*ACTIVITY*:
Please, from the entries below, transcribe exactly the lines that begin at the line with "Wig Picsart Hair" and end at the line with "10Sets GX16 16mm", without the pictures.

*GIVEN ENTRIES*:

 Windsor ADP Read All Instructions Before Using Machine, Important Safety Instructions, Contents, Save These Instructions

...

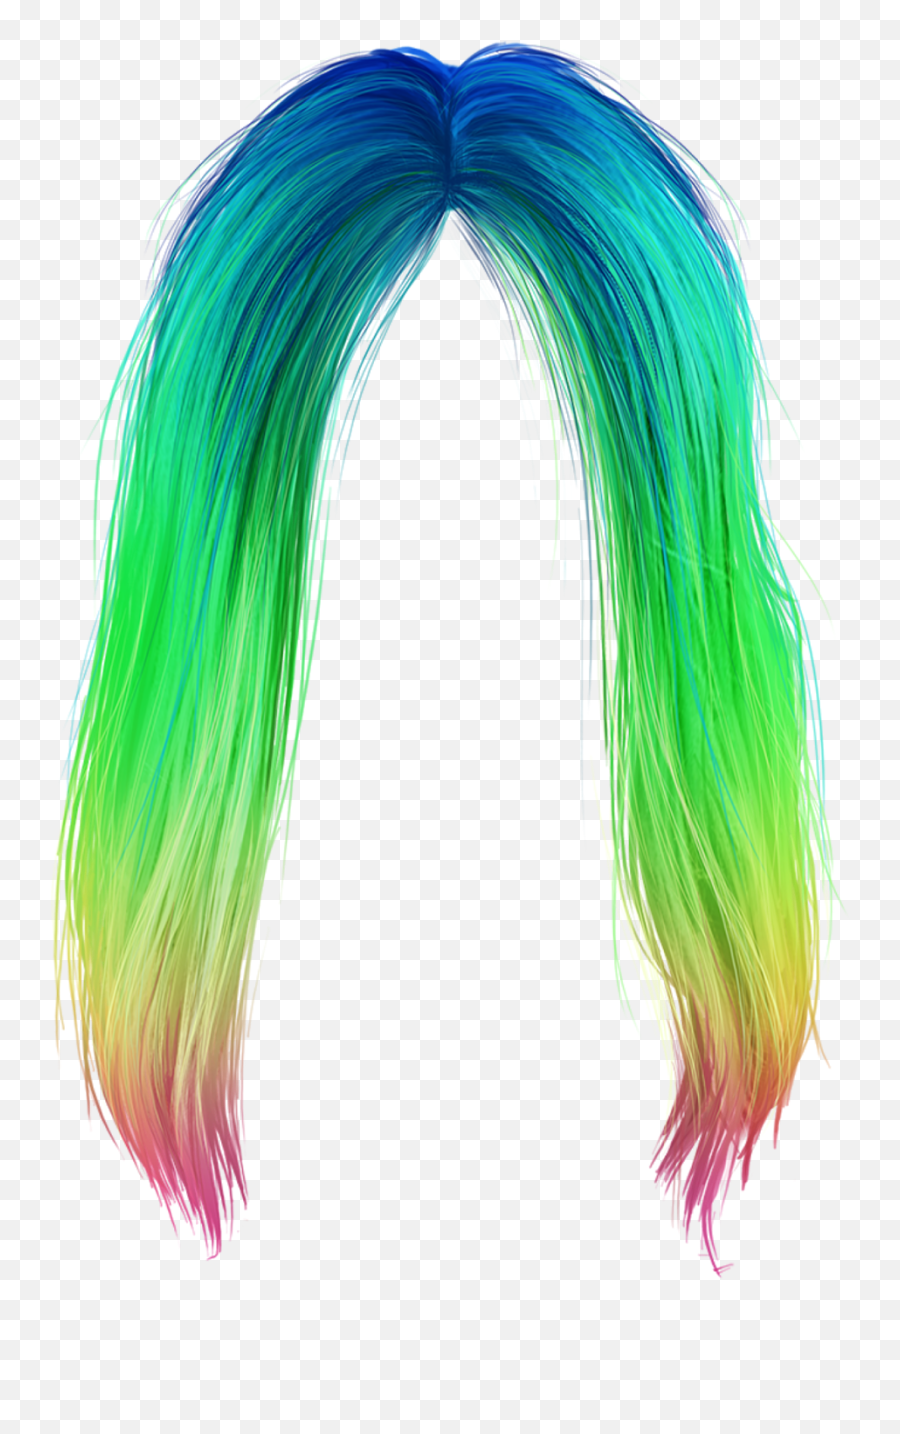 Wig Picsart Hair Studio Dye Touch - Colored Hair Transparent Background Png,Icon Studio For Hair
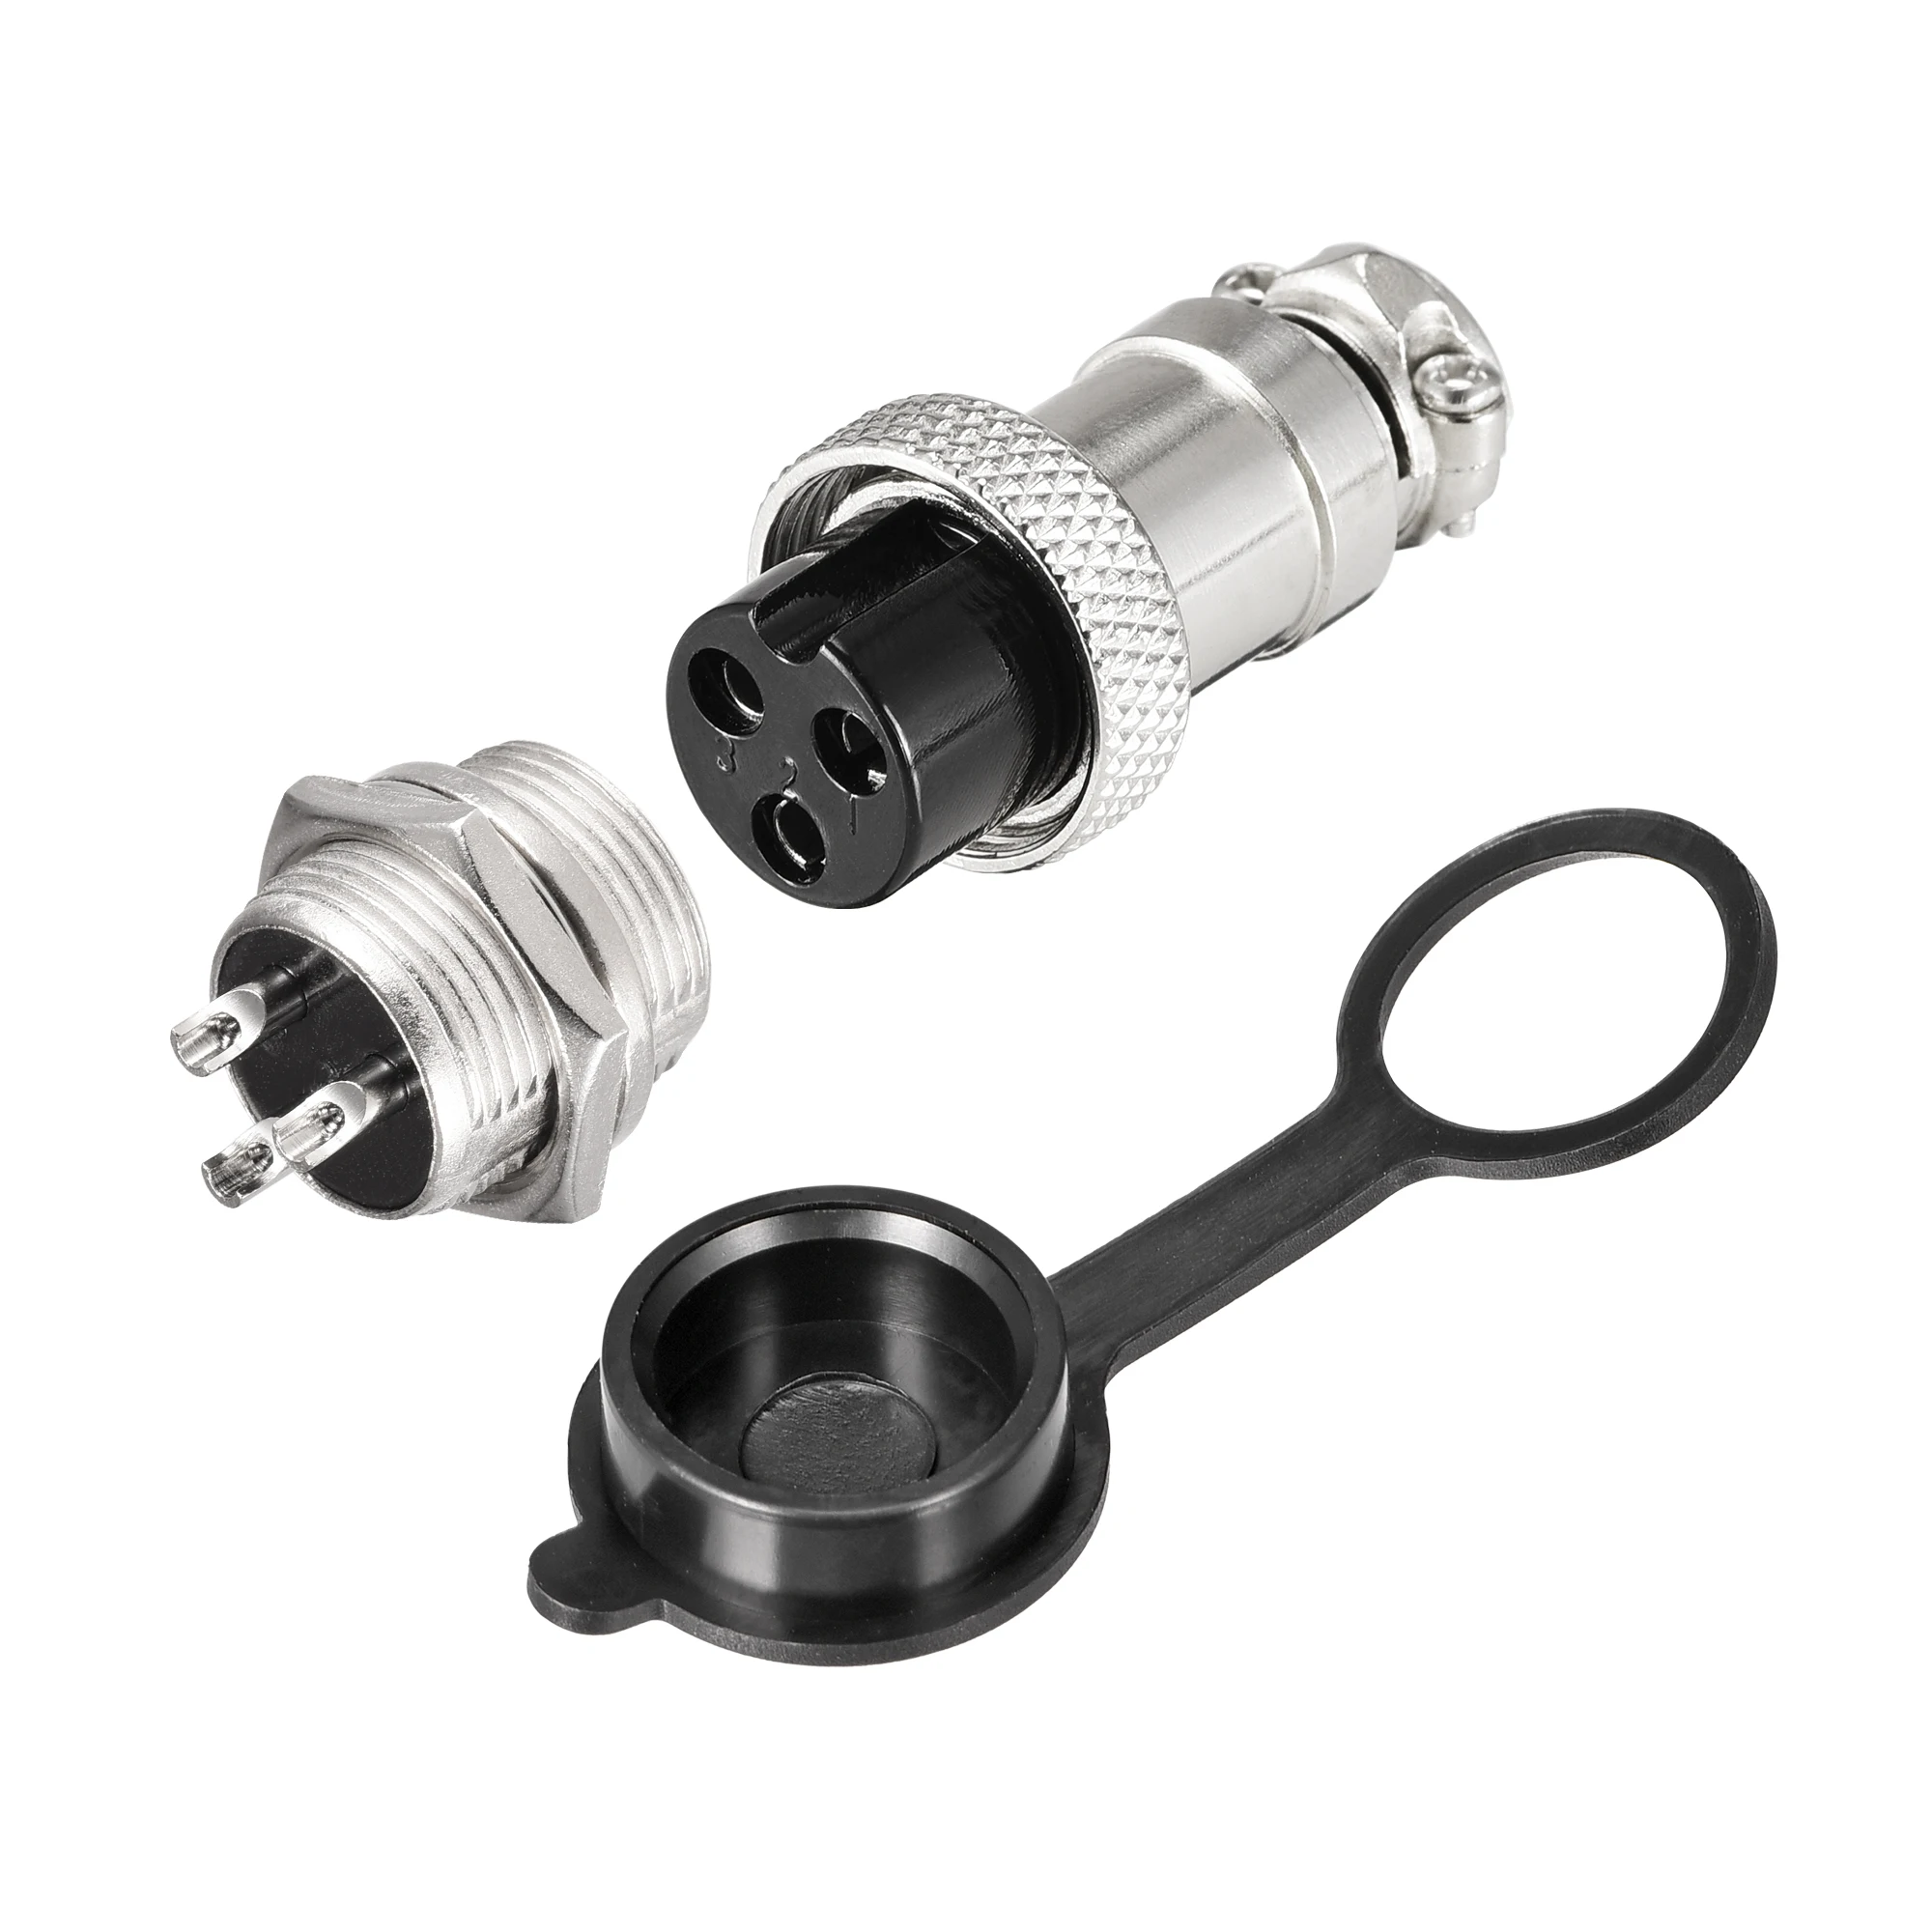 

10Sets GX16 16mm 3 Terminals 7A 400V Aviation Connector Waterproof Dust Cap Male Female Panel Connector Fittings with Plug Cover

*RESPONSE BOX*:
 Wig Picsart Hair Studio Dye Touch - Colored Hair Transparent Background Png,Icon Studio For Hair

10Sets GX16 16mm 3 Terminals 7A 400V Aviation Connector Waterproof Dust Cap Male Female Panel Connector Fittings with Plug Cover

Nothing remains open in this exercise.